Here's the riddle: Why don't conservative fact check MSNBC every day and catalog all the supposed lies that the news channel peddles? Listening to partisans such as O'Reilly, the liberal misinformation is practically jumping off the screen at MSNBC, and especially during primetime when the news channels hosts left-leaning anchors. So why don't conservatives detail all the lies and regularly post their findings online?

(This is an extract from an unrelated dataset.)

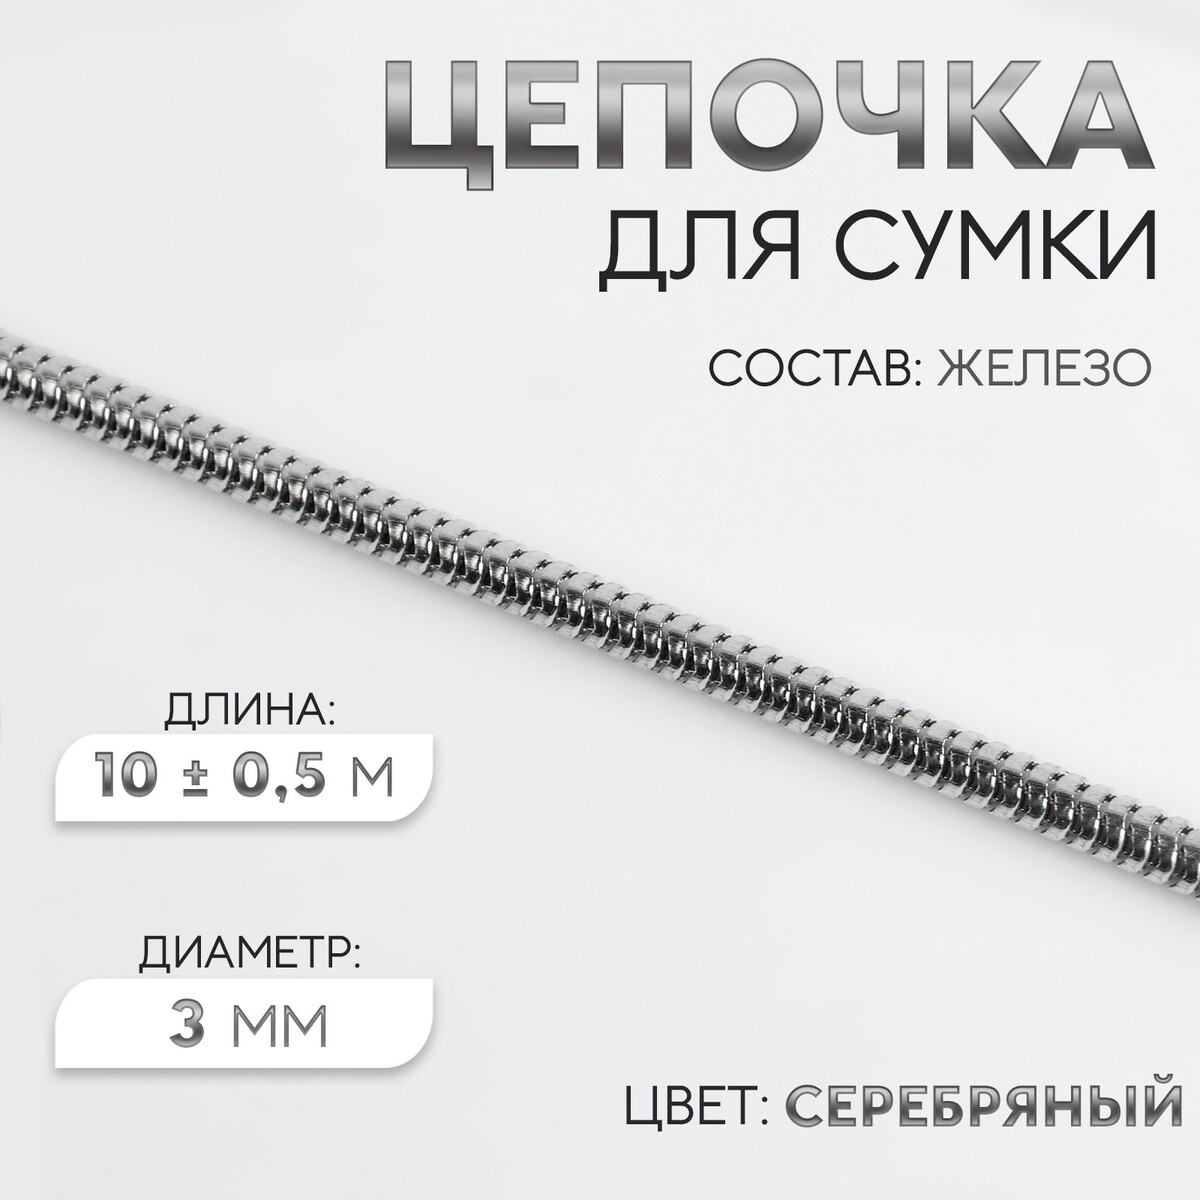 Цепочка для сумки, железная, d = 3 мм, 10 ± 0,5 м, цвет серебряный цепочка для сумки железная 7 × 5 мм 10 ± 0 5 м серебряный

I mean, that's what we do at Media Matters all day long in terms of the Fox News misinformation. We routinely publish at least a dozen items a day, sometimes twice that, plainly detailing how the right-wing channel distorts the news and spreads propaganda. So why doesn't O'Reilly fact check Rachel Maddow's show every night and detail the lies she tells? Or why doesn't the Weekly Standard, for instance, pitch in and fact check Countdown and call out all the falsehoods host Keith Olbermann and his guests concoct at 8 p.m.?

Why doesn't the right-wing fact check MSNBC? Not just whine about MSNBC, but show conclusively how the cable channel makes up liberal lies.

I'm pretty sure the answer is that nobody on the far-right fact checks the liberal “lies” at MSNBC, and especially during primetime, because MSNBC doesn't routinely broadcast them. Unlike Fox News, MSNBC's programming is not built around fitting as much provably inaccurate information into hour-long broadcasts as is humanly possible. In others words, MSNBC is not in the propaganda business the way Fox News is.

But if O'Reilly thinks I'm wrong, than he ought to fact check MSNBC, starting tonight.